All in all, for me setting filters for all Sids is dealing with high and low values and the values in between can (only) be used to interpolate. Using middle values as key filter values to create cool sounds will only lead to dissapointment when listening to them on other Sids, it makes Batman angry.
Still, most MoN tunes sound great on all Sids. It's interesting to notice there's not much difference between how I think they sounded in 89/90 and how they sound now with any Sid filter setting. Most likely also because of the well defined compositions and themes.
Registered: Nov 2002
yes it is really this bad!

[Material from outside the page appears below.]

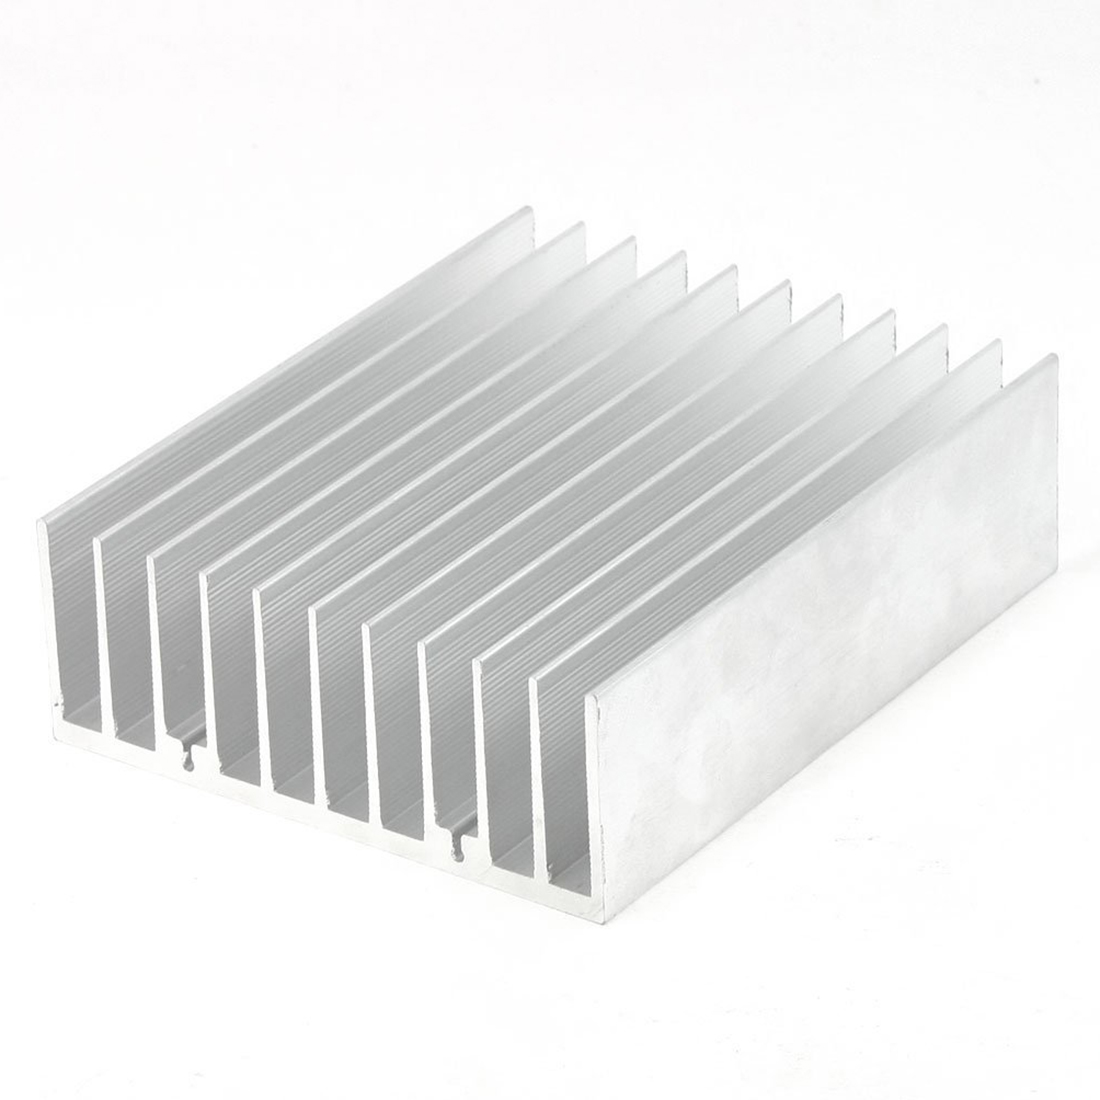 120mm x 45mm x 150mm Heatsink Heat Dissipation Aluminium Cooling Fin 5pcs 45x10x60mm aluminium heatsink heat diffuse cooling cooler fin

And compo composing on the 6581 just sucks, you can be sure your tune will sound muffled or too bright on compo machine.
We went with zrx thru recordings of all his chips to find a particular good one for hubbard songs (which i later on used to record project hubbard, with custom output amplifier - https://soundcloud.com/zerozillion/sets/project-hubbard) and of out of about 40 chips maybe 2 or 3 do sound the same. strong reference is for me the hubbard song "nemesis the warlock", it includes a bell sound in the intro that has a wide sweep, when this bell sounds nice and sharp, the curve is more to the left (trurl red), when the attack is slow-ish or the bell inaudible, its the curves more to the right. this bell sound depends a lot on the filter, it is not a sample, so it is a good indicator as it is right at the intro of the song and only takes a second to listen to (to my judgement, the correct type of hubbard filter would be near the red trurl curve, as this one plays the bell sound most accurate - as i think from the composition it must be a striking bell, not a slow attack bell). of course other oldskool tunes need other filter curves; and for modern tunes we gladly have filter models like jeff's one. though that only solves it partially on both ends.
i once came up with the idea of measuring at least the bottom and high point of the lowpass by ear, which gives somewhat reproducable results: SID Audit (test 3 & 4). the plan was to run this test on compo machines and index them, then to run the tests in vice to have matching models to each compo machine. as nobody caught interest in that (hi there!), i let it be and now i use 8580 as it saves me a lot of nerves, a pity for the filter distortion though.
one way to use the 6581 filter though is to use it only statically and move it a bit upwards or downwards, preferrably at spots where all curves meet somewhat, so no drastic fast moves or jumps, and no dedicated hour long filter editing. this ensures at least that bass sounds are not totally swallowed or other sounds are killing the tweeters in the PA system.
filter caps - i swapped them several times in machines, i see the tolerance f**ups inside the chips filter section are much wider than what could be off by the cap tolerance.
Registered: May 2012
and for modern tunes we gladly have filter models like jeff's one
What does this refer to?
Registered: Nov 2002
Filter distortion emulation in sidplay and vice, you can select which curve is being used.